LinkedIn recently noted that job postings mentioning “storytellers” have doubled over the last year. Around the same time, its 2026 skills analysis for media and communications listed “Brand Storytelling” among the fastest-growing skills in that field. That is interesting not because storytelling is suddenly new, but because organizations are now naming it more directly.  

For a long time, storytelling sat inside other categories. Communication. Marketing. Leadership. Sales. Culture. It was present, but often treated as secondary to the work rather than part of the work itself. What LinkedIn’s data suggests is that more organizations are beginning to see it differently. They are not just looking for people who can inform, explain, or promote. They are looking for people who can create meaning, shape understanding, and help others connect the dots.  

That matters because storytelling has always done more than decorate an idea. It helps people understand what something is, why it matters, and where they fit inside it. We do that as individuals, as teams, as companies, and as societies. We tell stories about where we have been, what we believe, what we are building, and what we hope comes next.

That is one of the threads running through Acts of Humanity: The Power of Purposeful Events. Human beings do not simply exchange information. We interpret the world through stories. We remember through stories. We gather around stories. And when an event works, it usually does more than deliver content or stage a moment well. It gives people an experience they can carry forward and retell.

That may be part of what is changing in the job market. In a world where information is abundant and content is easier to generate, the ability to shape a clear and credible narrative becomes more valuable, not less. LinkedIn’s own language around brand storytelling points in that direction, describing it as a way to help audiences understand a company’s goals and values and to build trust and credibility.  

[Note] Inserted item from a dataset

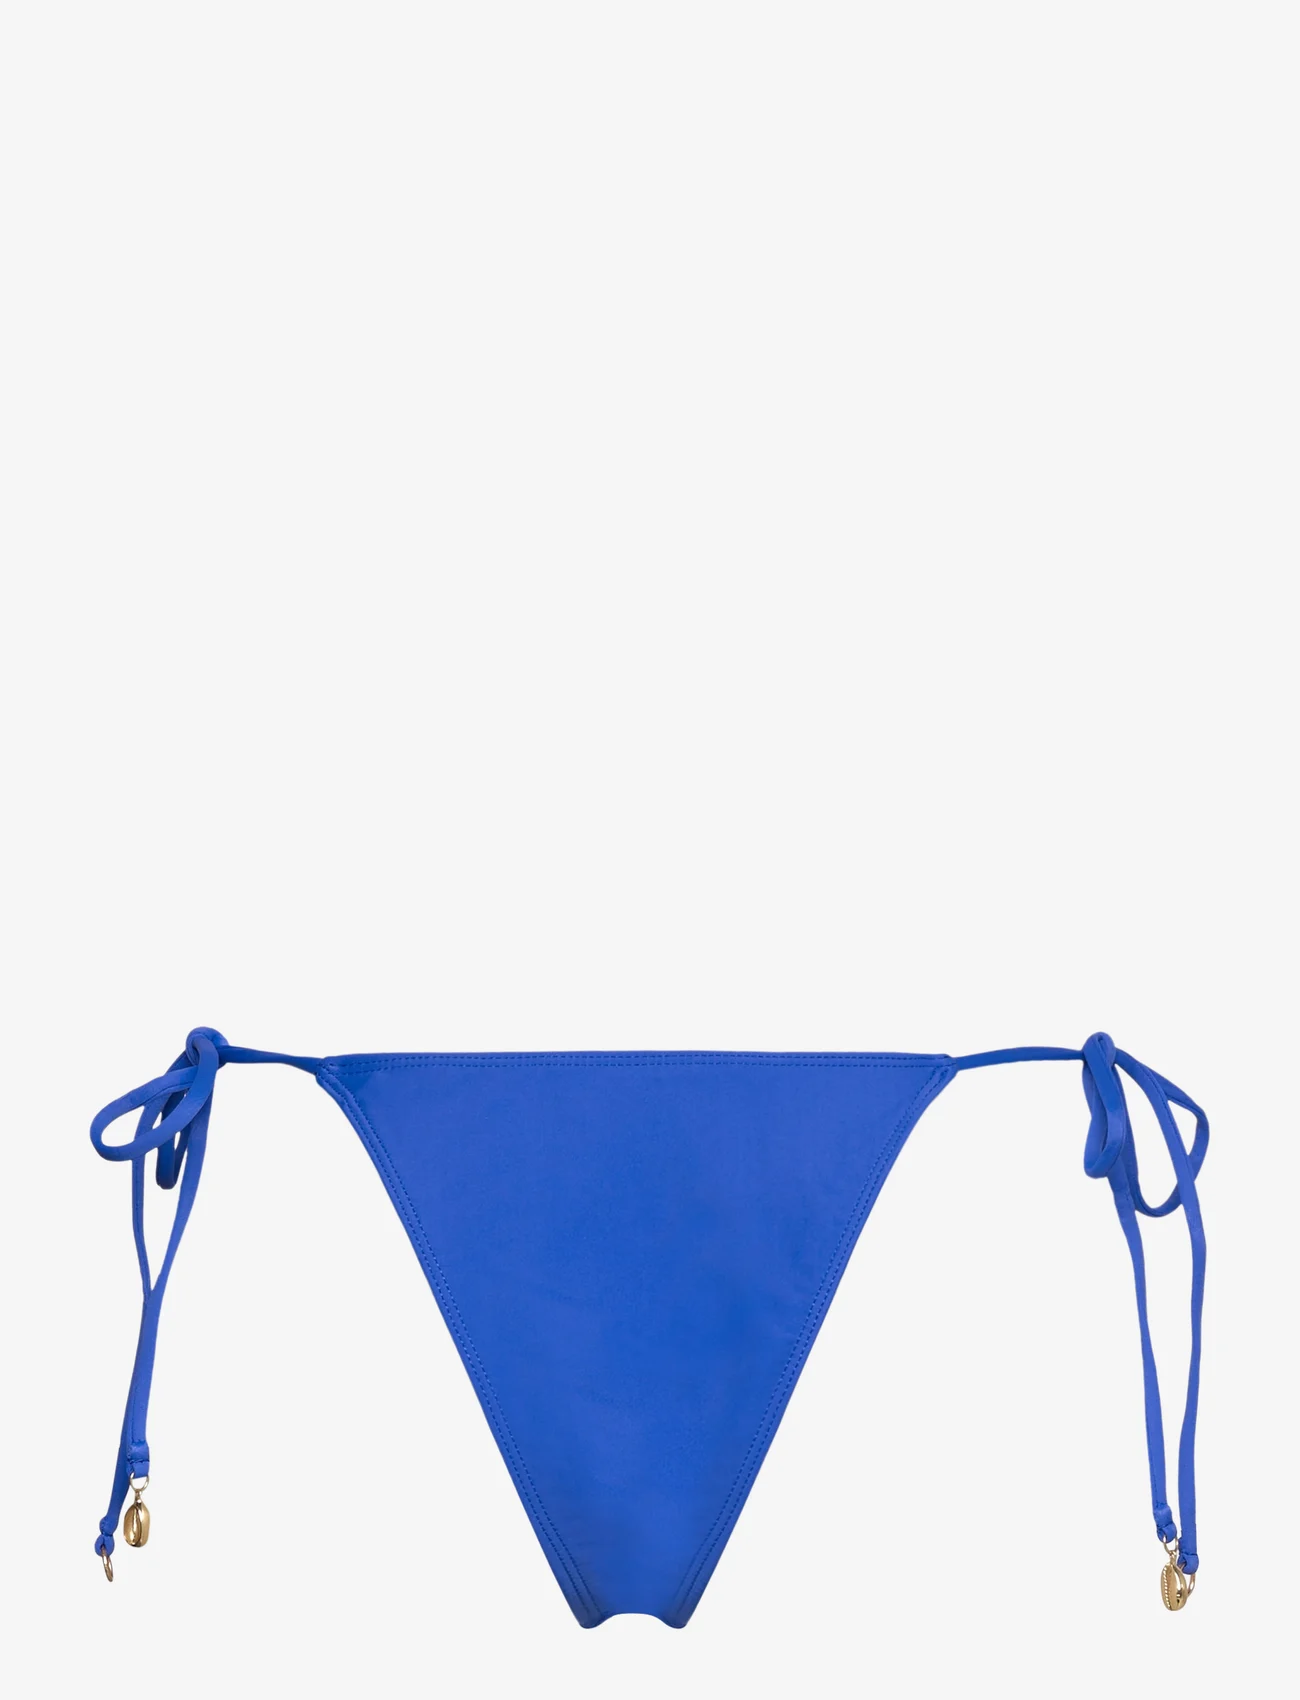 Faithfull The Brand - ANDREA BIKINI BOTTOMS - side tie bikinis - azure blue - 1
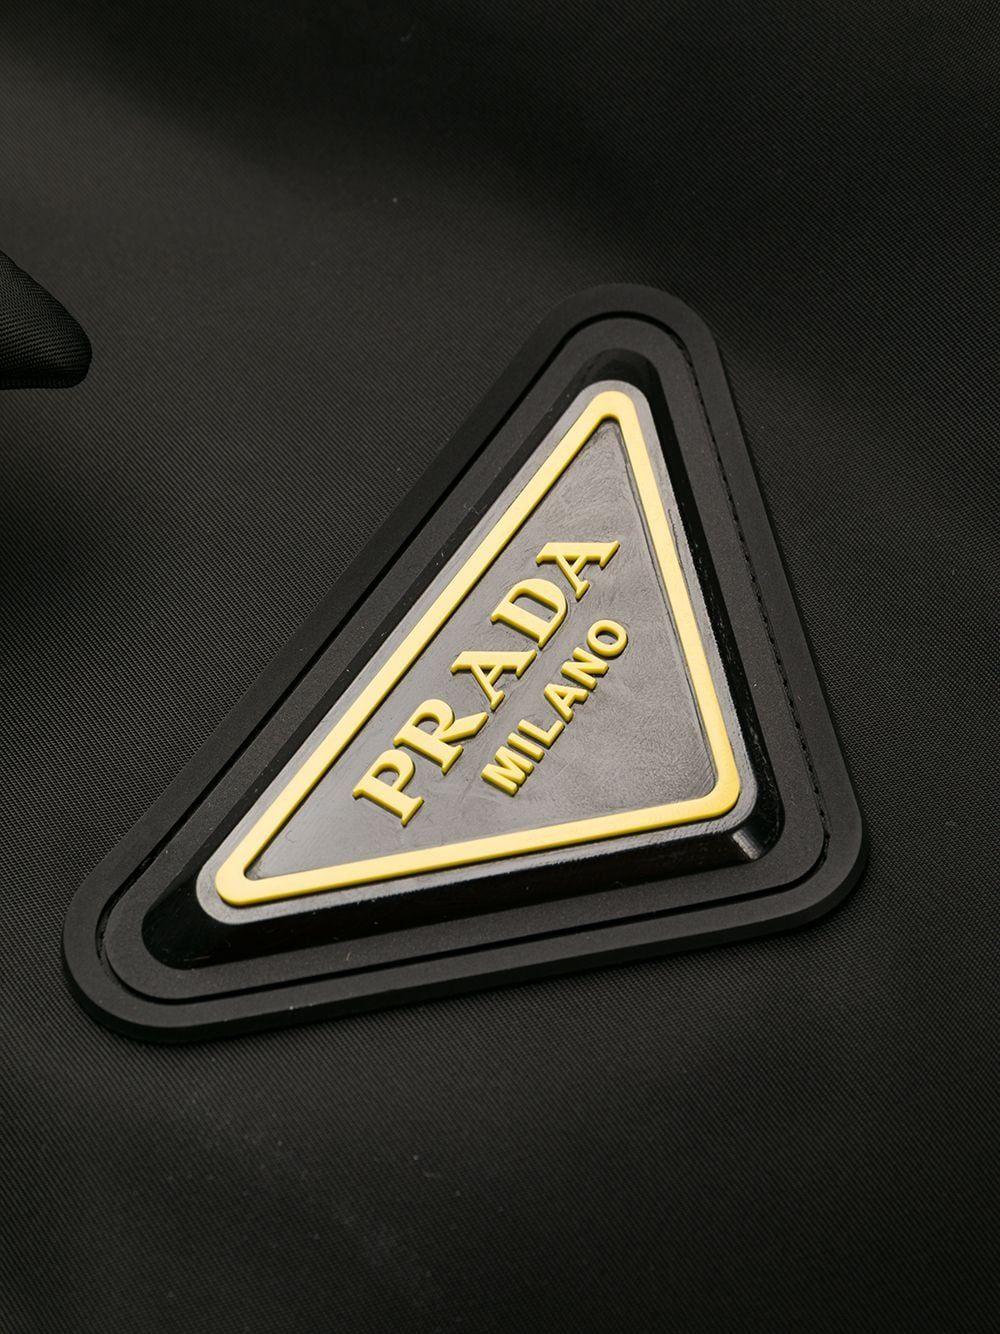 Prada Synthetic Re-nylon Zipped Bomber Jacket in Black - Lyst

Events sit right in the middle of that. They are places where stories are told, but they are also places where stories are formed. What people experience in the room rarely stays in the room. It becomes part of how they describe the organization, the brand, the leadership, or even their own relationship to what happened there.

The event ends. The story continues.

So when storytelling begins to show up more often in hiring language, it does not feel like a passing trend. It feels more like a visible acknowledgment of something older and more foundational. People have always needed stories to make sense of what they are part of. What may be changing now is that more organizations are willing to say so out loud.